◆ **What you have to do**: Any picture in the range stays out of the copy; retype exactly the lines from the one with "TAMIYA X-SA Grasshopper" to the end of the listing.

◆ **The data**:
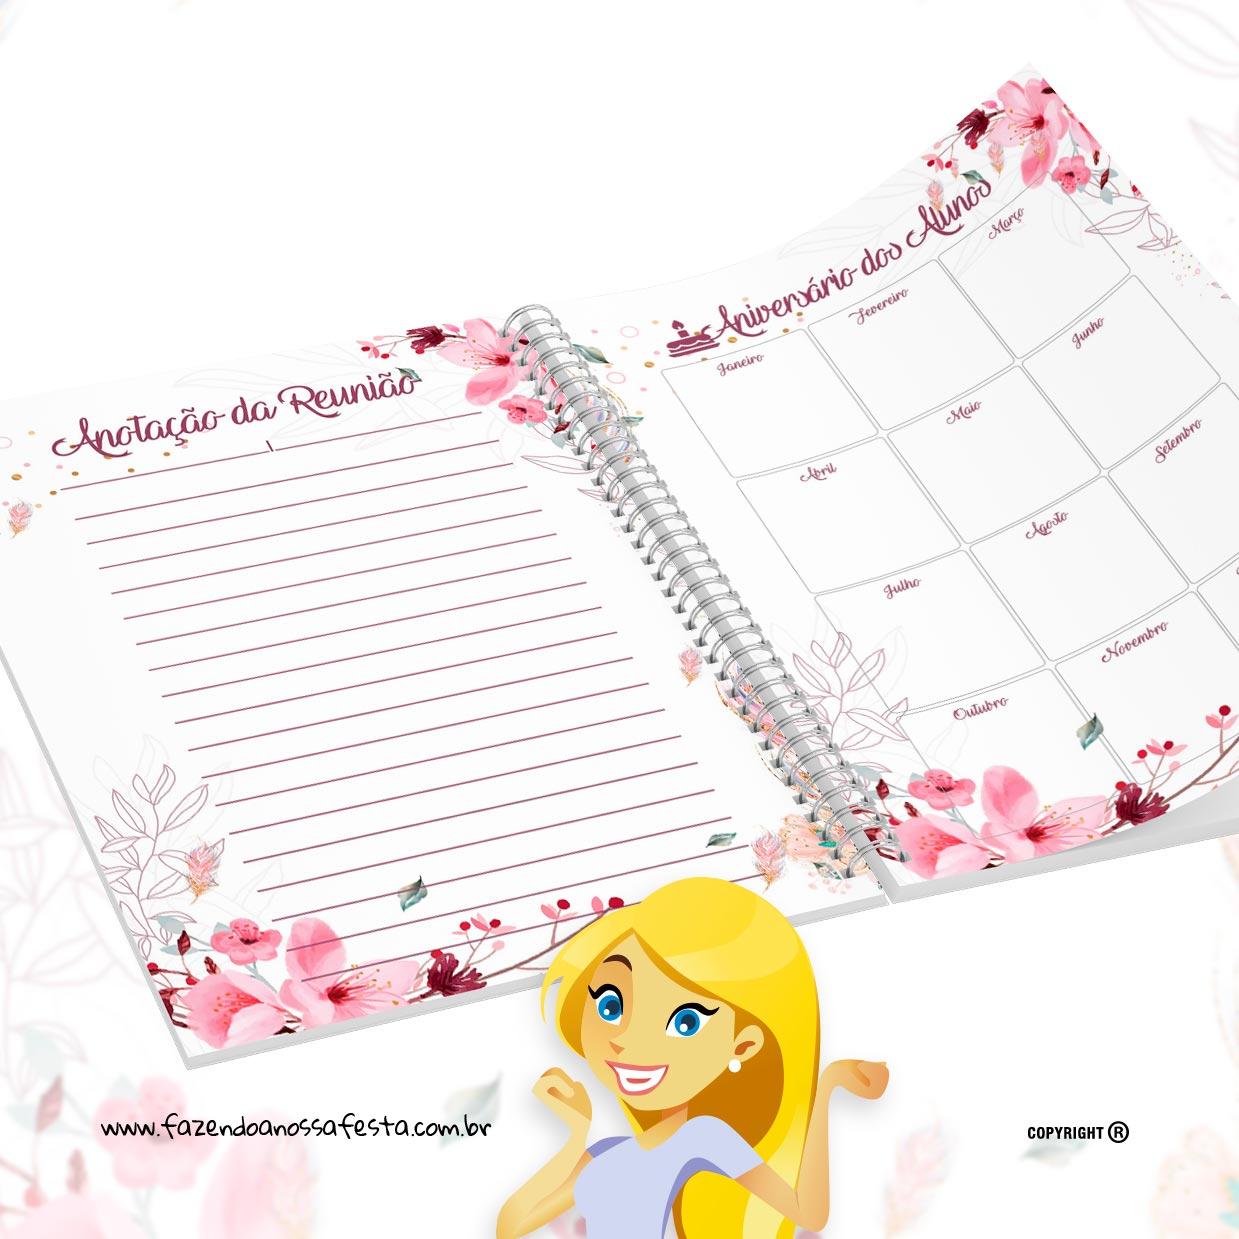 caderno plano de aula educacao infantil floral 2020 para imprimircaderno plano de aula educacao infantil floral 2020 para imprimir
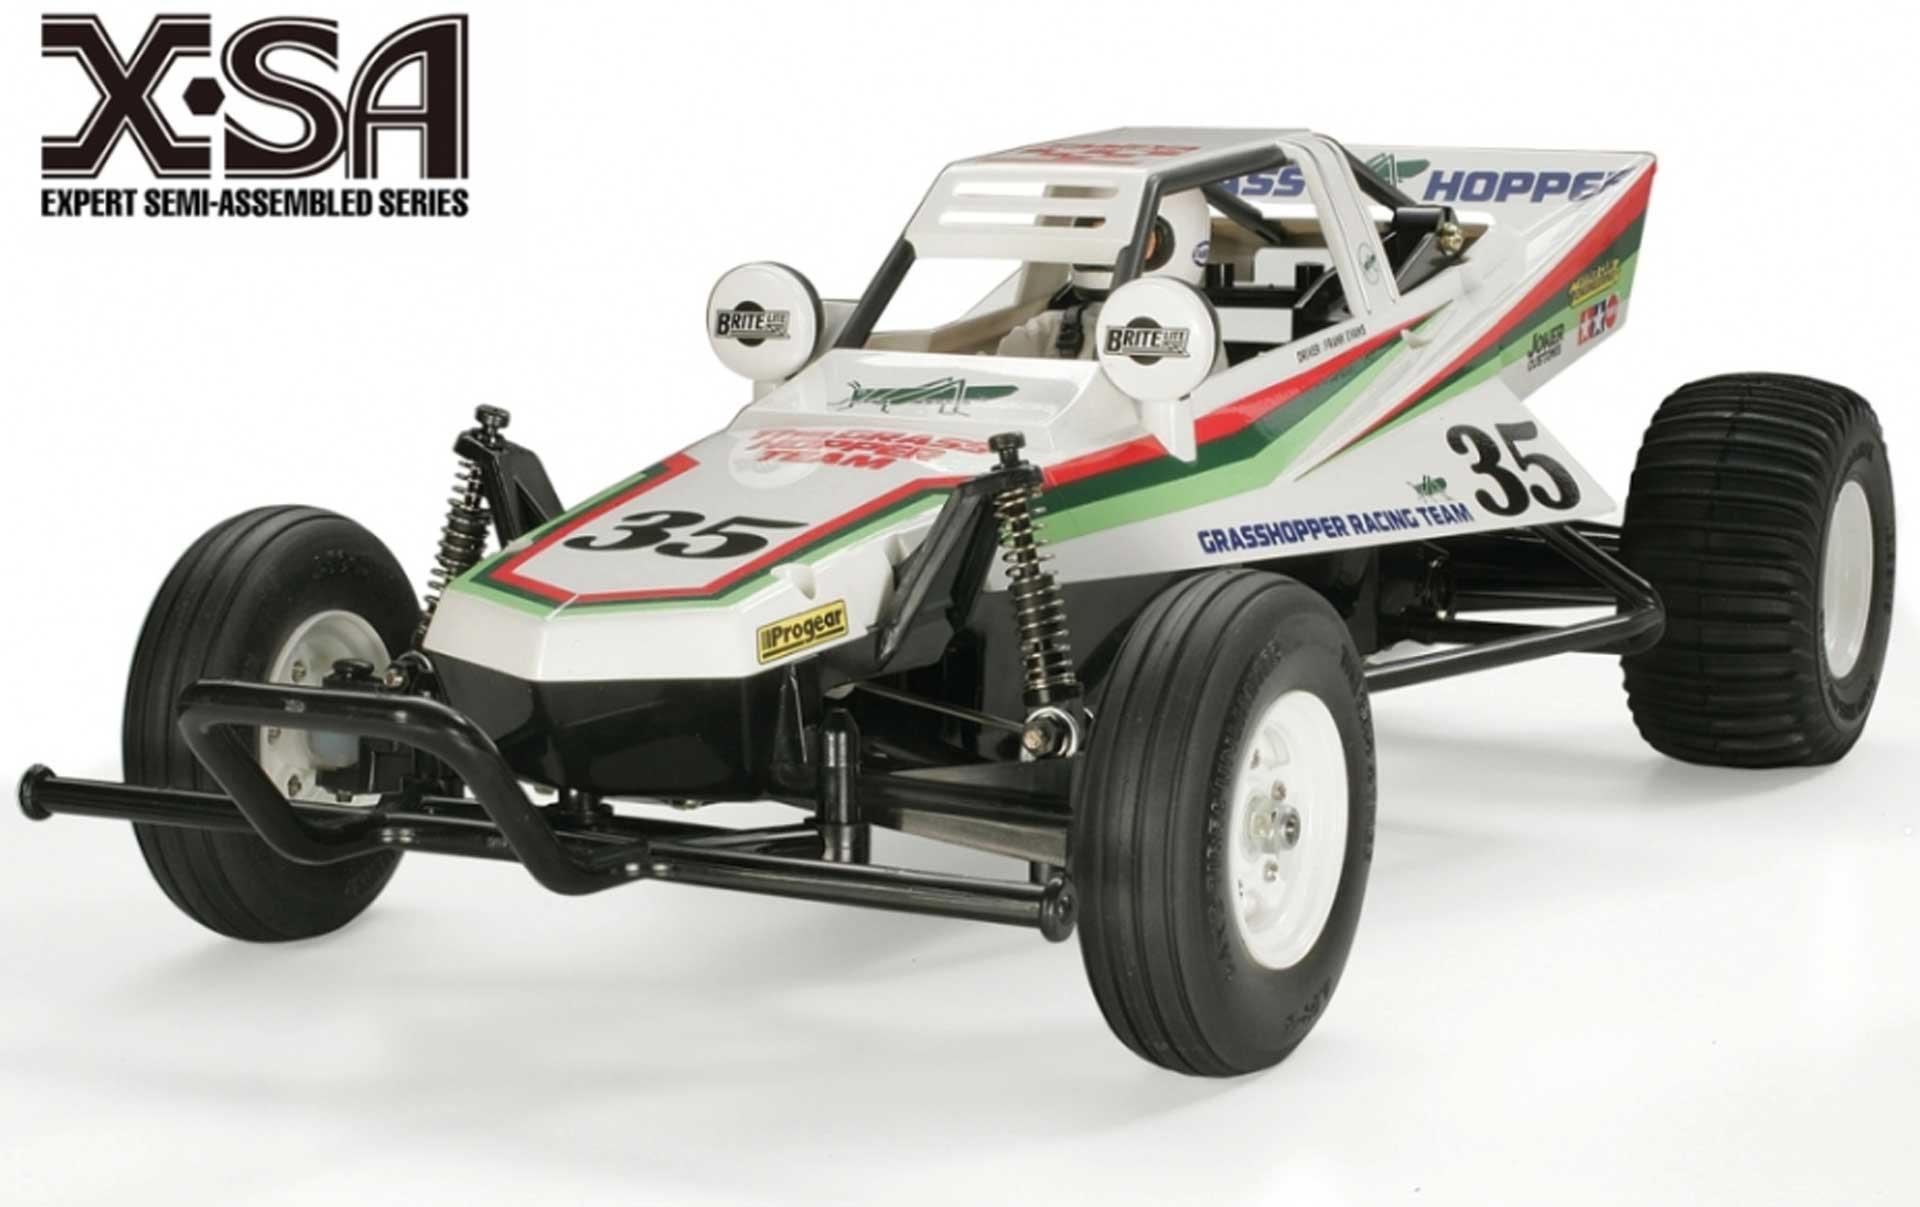 TAMIYA X-SA Grasshopper I 1/10 2WD Buggy EP fertig gebaut und lackiert
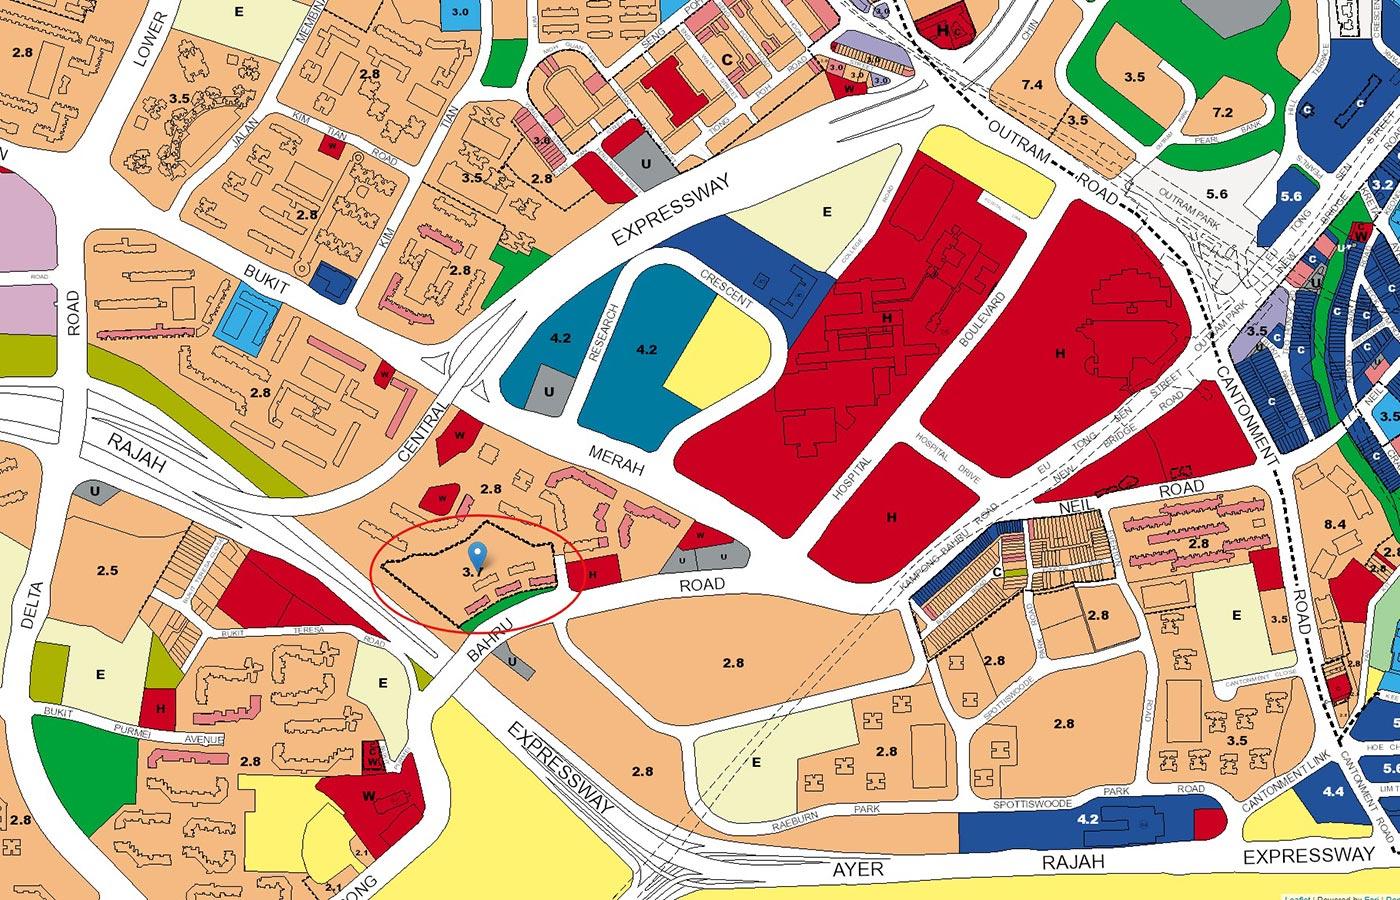 Avenue-South-Residence-Condo-URA-Master-Plan-Map

◆ **Output of the exercise**:
 TAMIYA X-SA Grasshopper I 1/10 2WD Buggy EP fertig gebaut und lackiert
 Avenue-South-Residence-Condo-URA-Master-Plan-Map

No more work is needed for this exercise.